_Supplied information_:

----

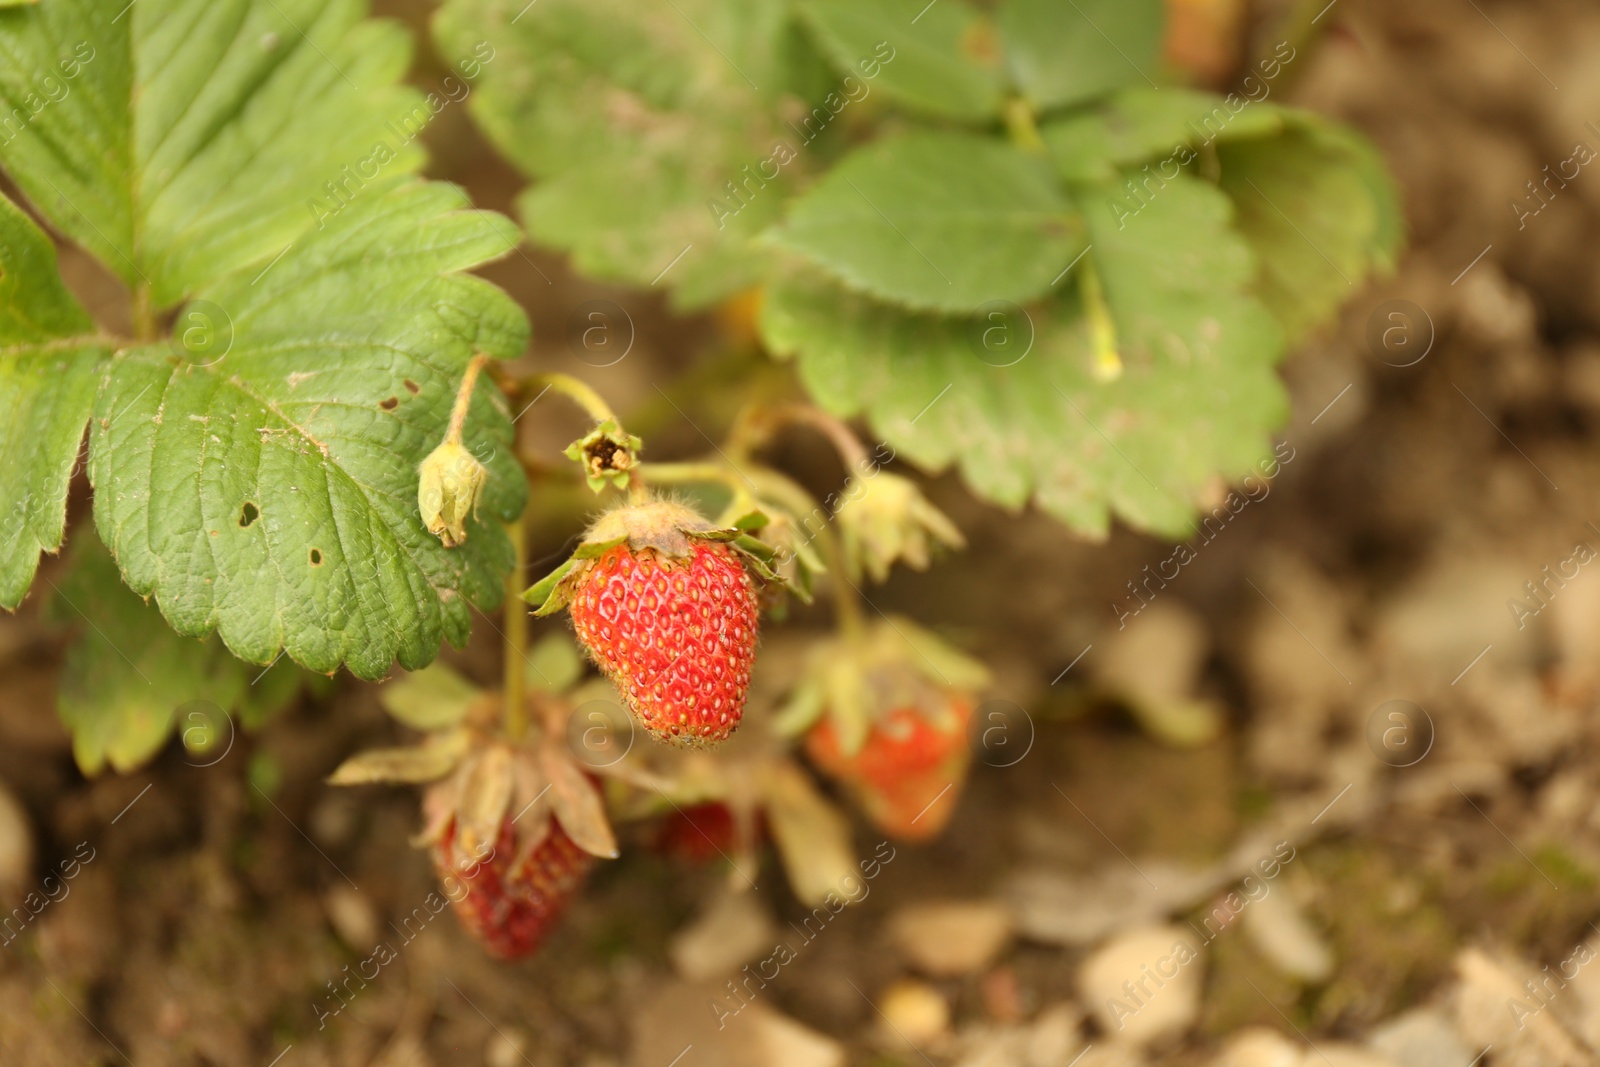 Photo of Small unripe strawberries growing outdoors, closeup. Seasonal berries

----

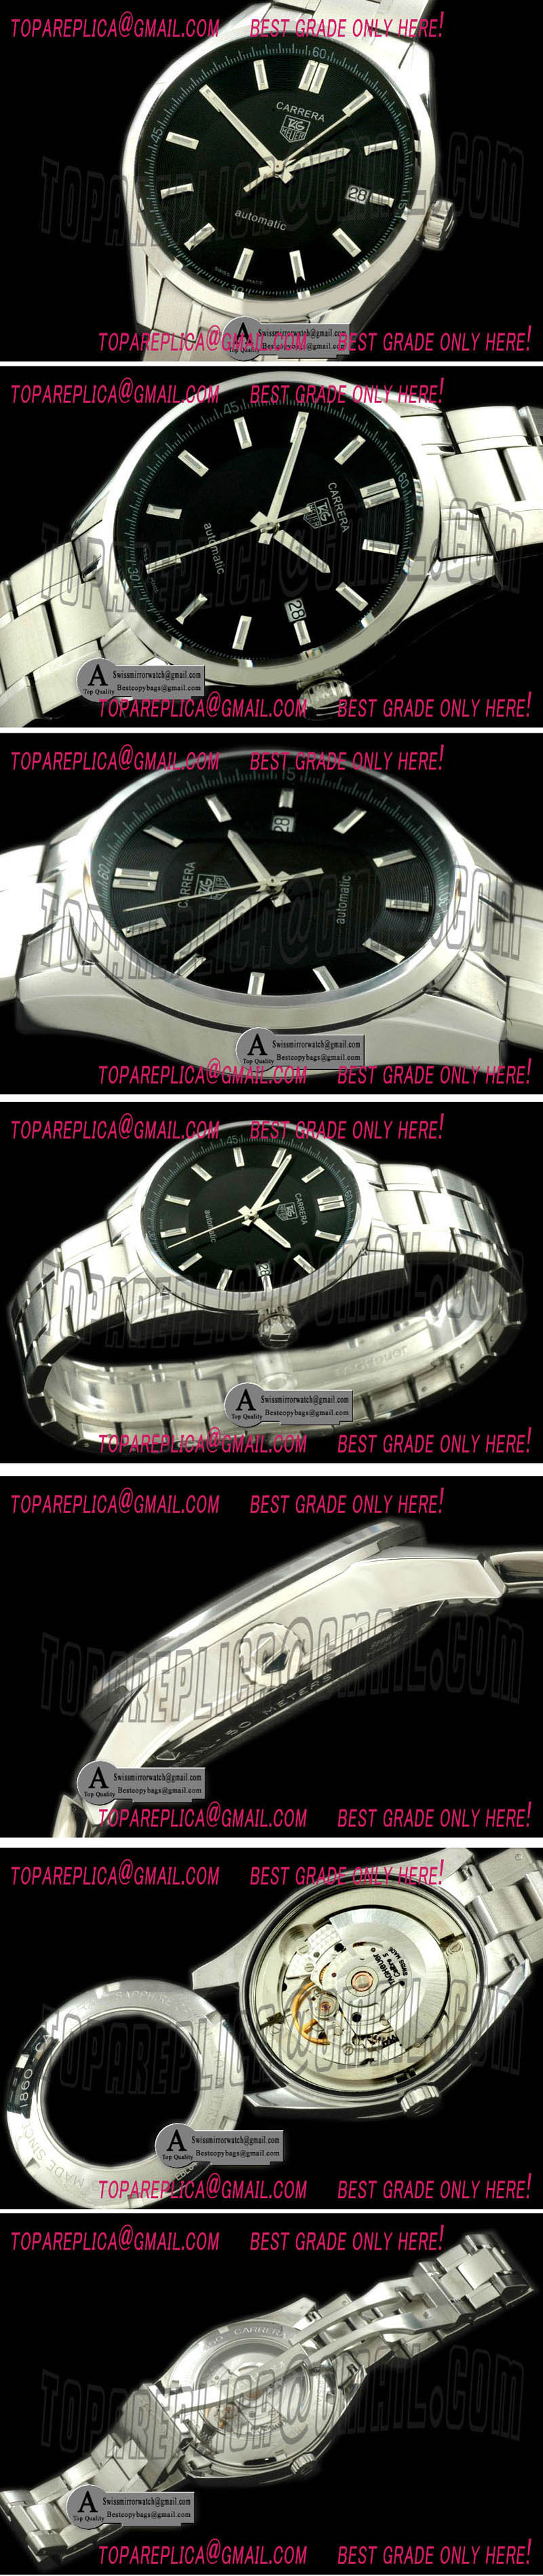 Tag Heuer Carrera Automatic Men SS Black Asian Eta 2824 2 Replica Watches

----

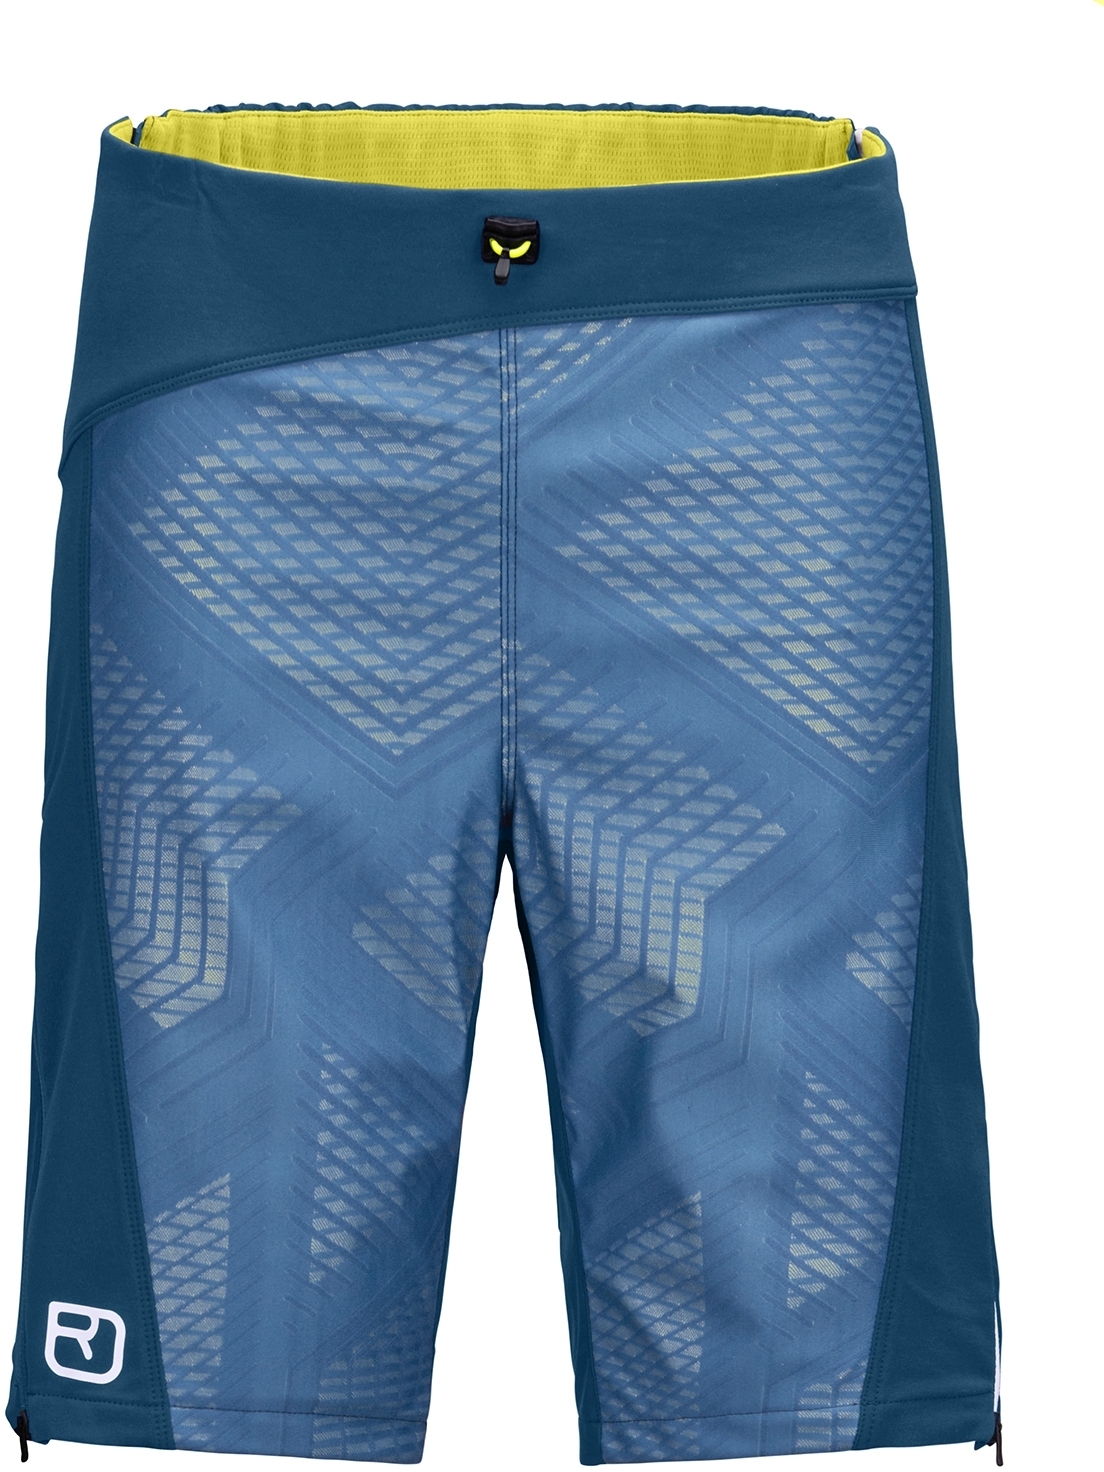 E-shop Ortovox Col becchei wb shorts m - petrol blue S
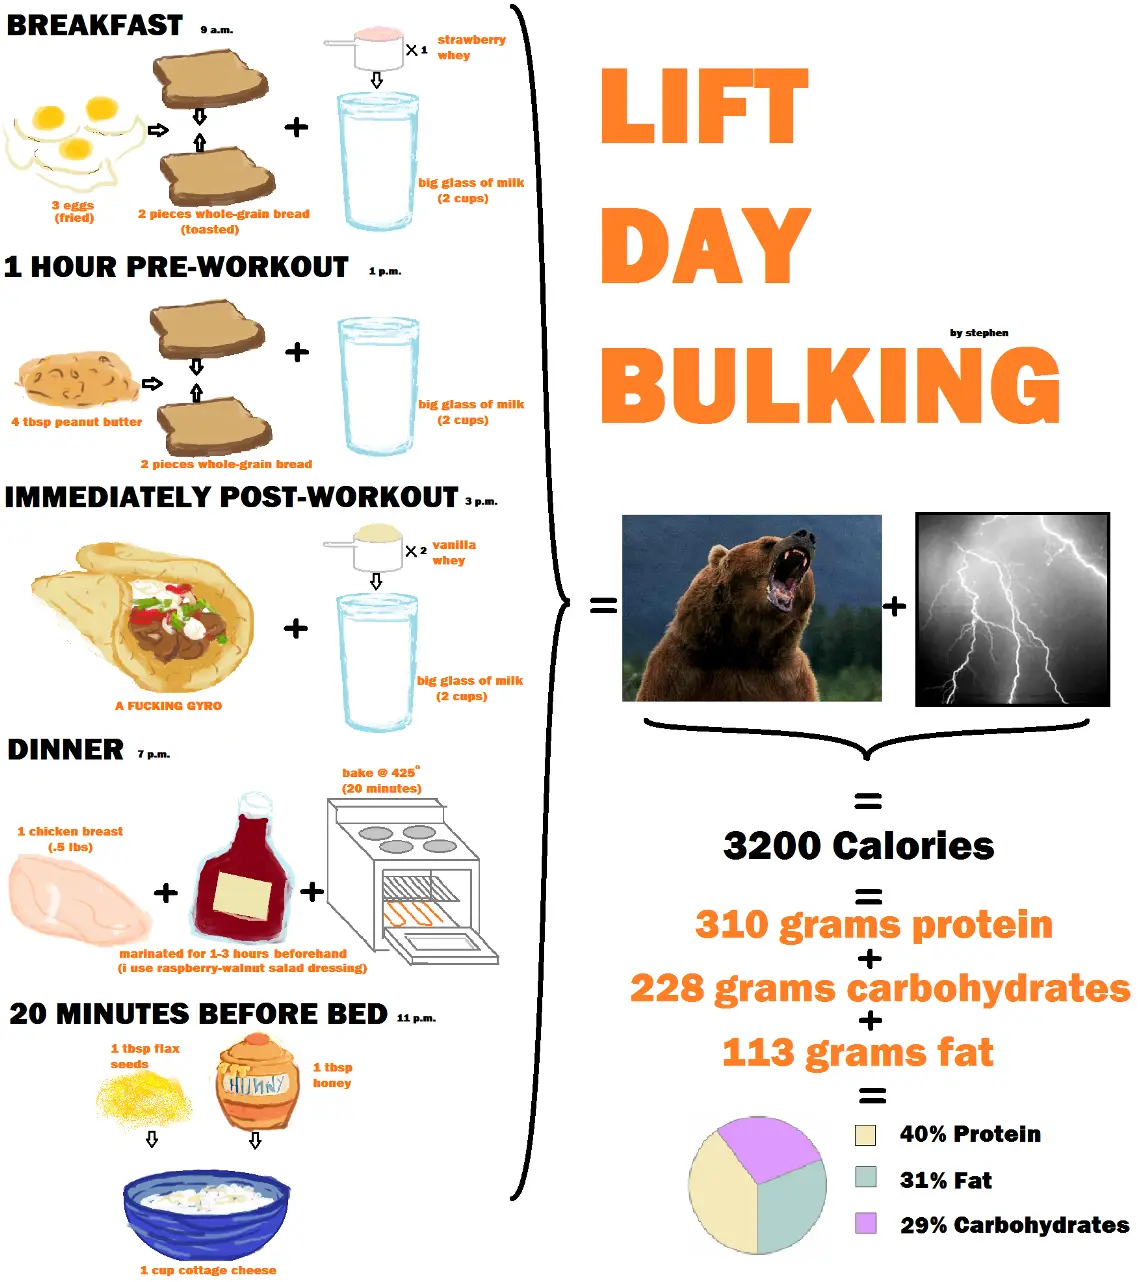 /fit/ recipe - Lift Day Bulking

----

_Task brief_:
In the records above, find the line with "E-shop Ortovox Col" and the line with "Lift Day Bulking", then restate word for word only those two lines and all lines between, omitting pictures.

_Expected answer_:
 E-shop Ortovox Col becchei wb shorts m - petrol blue S
 /fit/ recipe - Lift Day Bulking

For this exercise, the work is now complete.